The seven-year-old Chopin created his first published composition with a charmingly modest G minor Polonaise. Just three decades later, the complex, unique Polonaise-fantaisie, which even Liszt found ‘unfathomable,’ and the Cello Sonata, were the last extended works in Chopin’s final productive period of creativity. In all, Chopin wrote some 15 polonaises and they contain some of his most beautiful and stirring music. While the earlier polonaises bear traces of the peasant origins of the dance, by 1835, four years after the fall of Warsaw, Chopin’s two Op. 26 polonaises begin to express the noblest feelings and purest type of national character for Poland’s past glory, present heartbreak and future aspirations. The title Polonaise-fantaisie came relatively late during Chopin’s prolonged work on his Op. 61 which, as the music progressed, he initially viewed through the lens of a fantasy. The distinctive polonaise rhythm in the main theme was added after work was underway, and the structure itself was created from within, revealing the qualities and spontaneity of an improvisation. The music appears to evolve outwards from the nostalgia of the first real melody and, even before it, from the bass triplet figure in the luminous, spacious introduction, where time appears to stand still. Links can be found between all the themes that Chopin introduces in this composition, over which he labored longer than any other single work, except, perhaps, the Cello Sonata which he was working on simultaneously.

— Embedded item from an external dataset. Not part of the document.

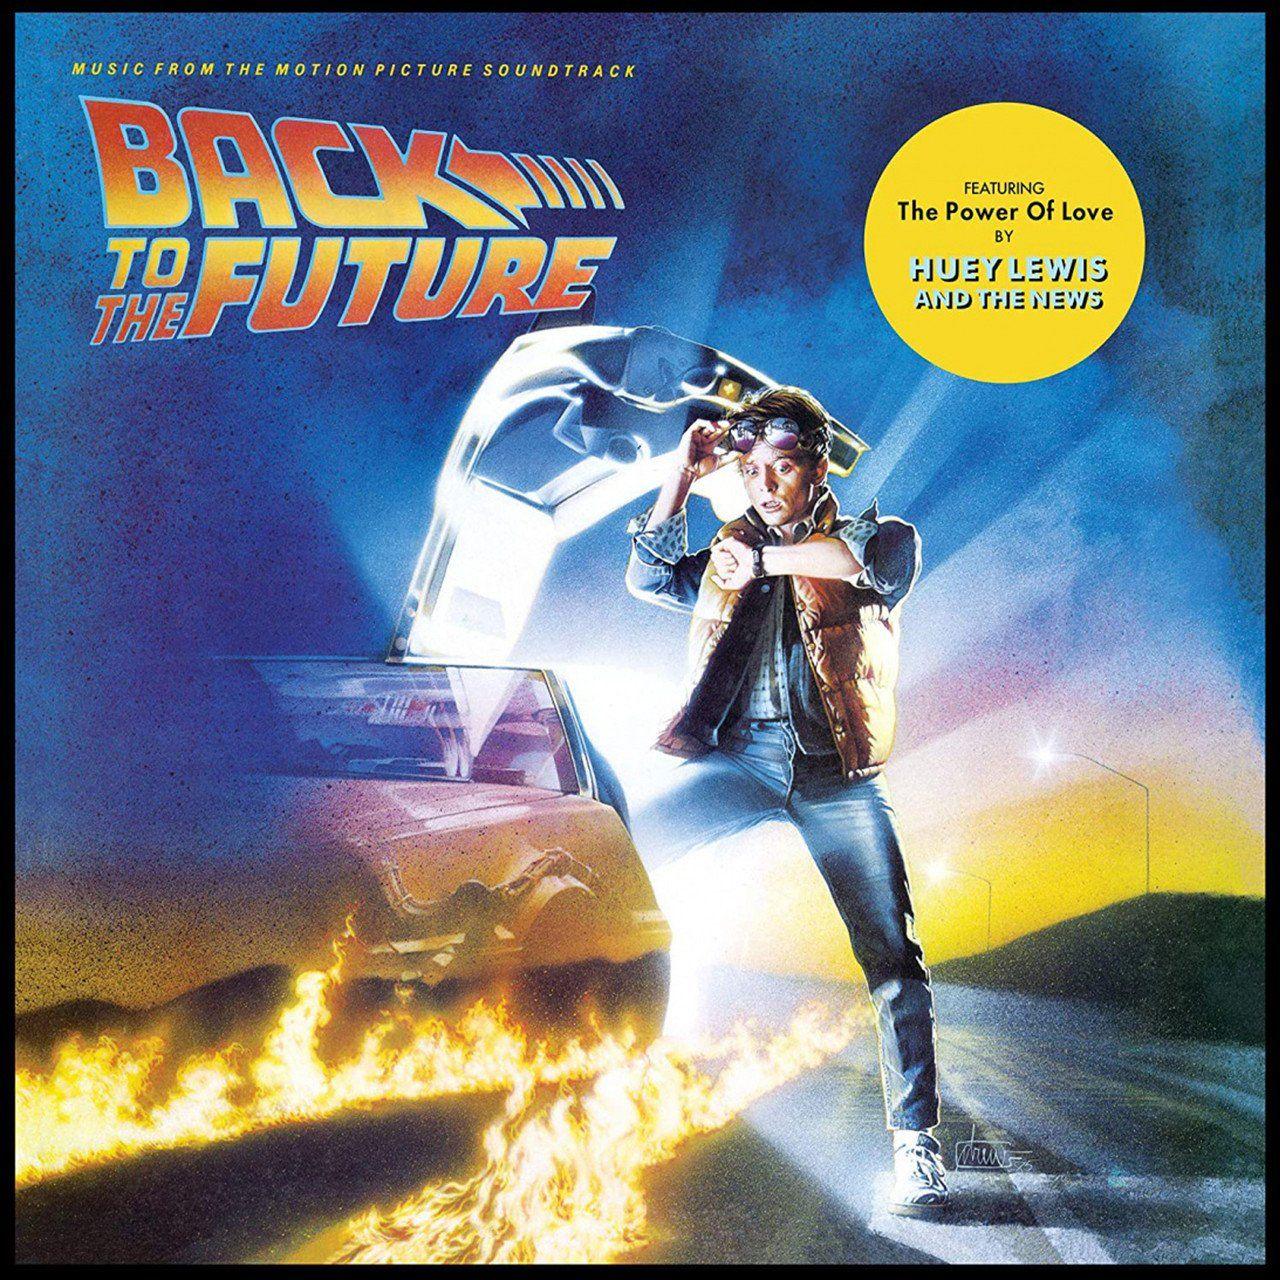 Back To The Future (Music From The Motion Picture Soundtrack) (Vinyl LP)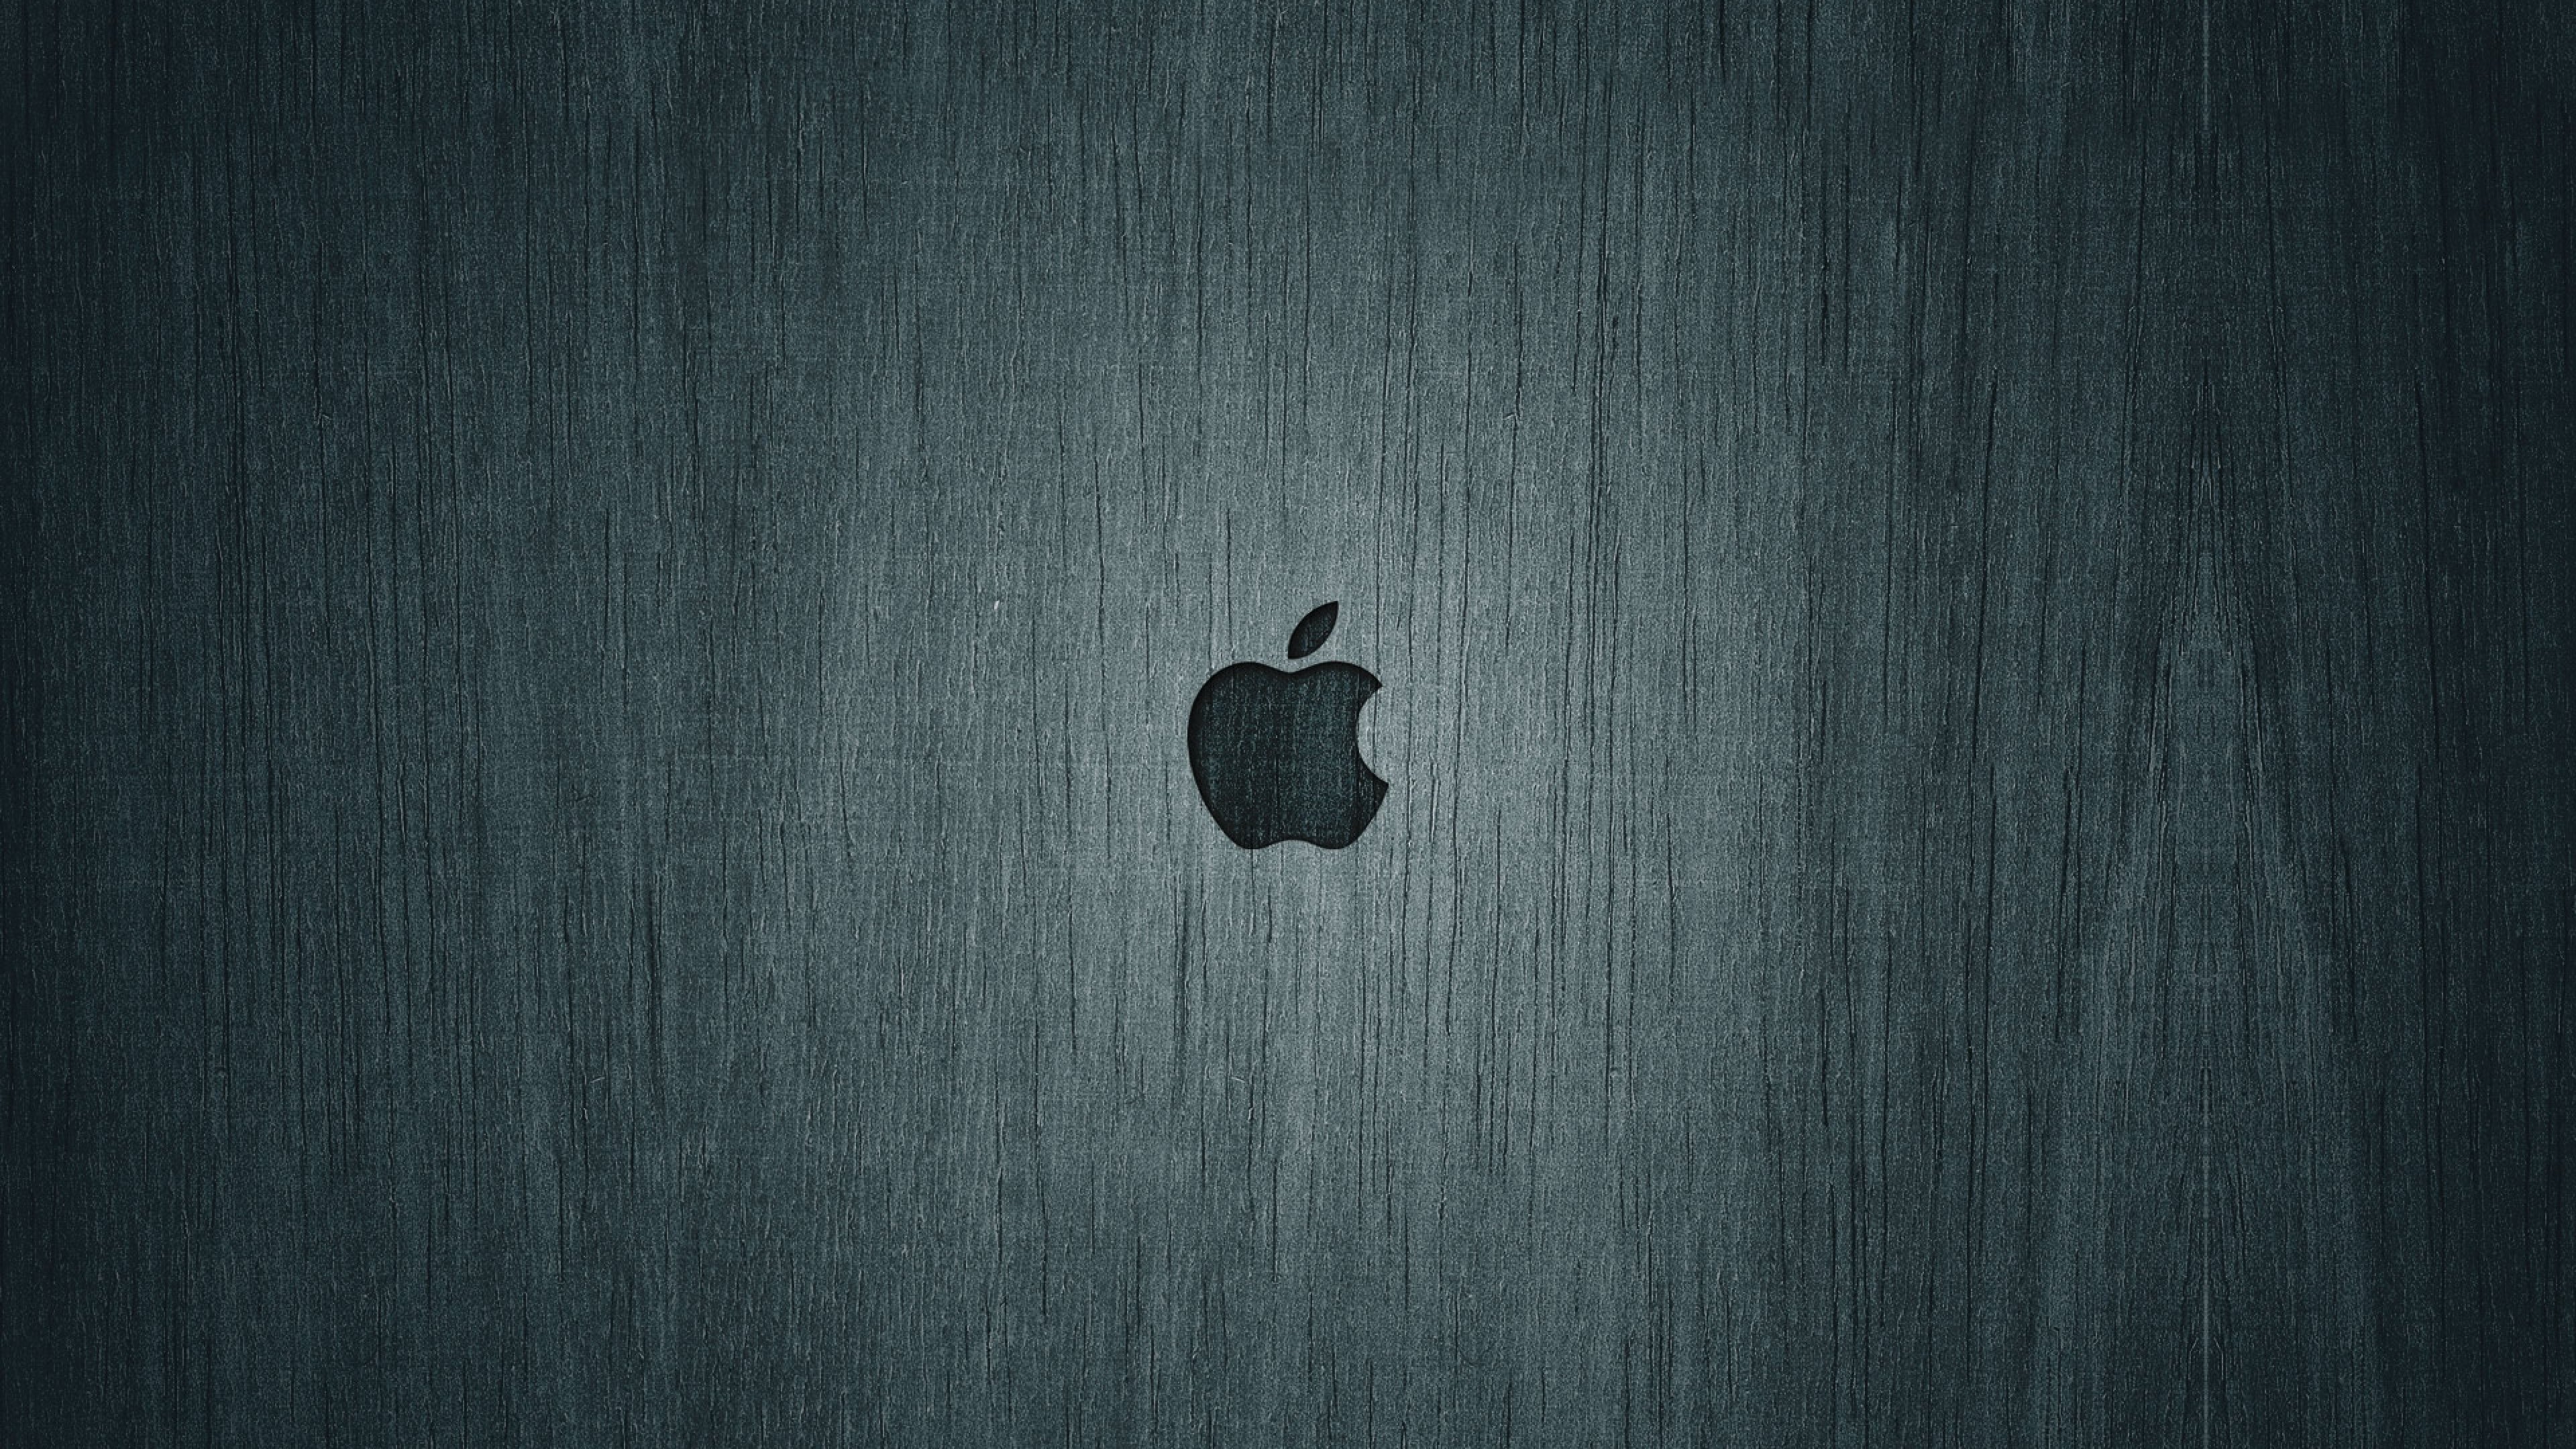 Wallpaper Apple, Apple MacBook Pro, Colorfulness, Pattern, Graphic Design,  Background - Download Free Image

It contains some of his most far-reaching, forward-looking excursions in both tonality and restless, constantly shifting harmonies. Yet, for all its apparent irregularities, the music is meticulously, cohesively and convincingly constructed within a modified and somewhat disguised ternary design. The chorale-like Poco più lento heralds an episode that resembles a slow movement, punctuated by two passages recalling earlier episodes. Thumbprints of the polonaise recur throughout, yet the piece still manages, in an ineffable way, to create the impression of a spontaneous, satisfying, inspired fantasy.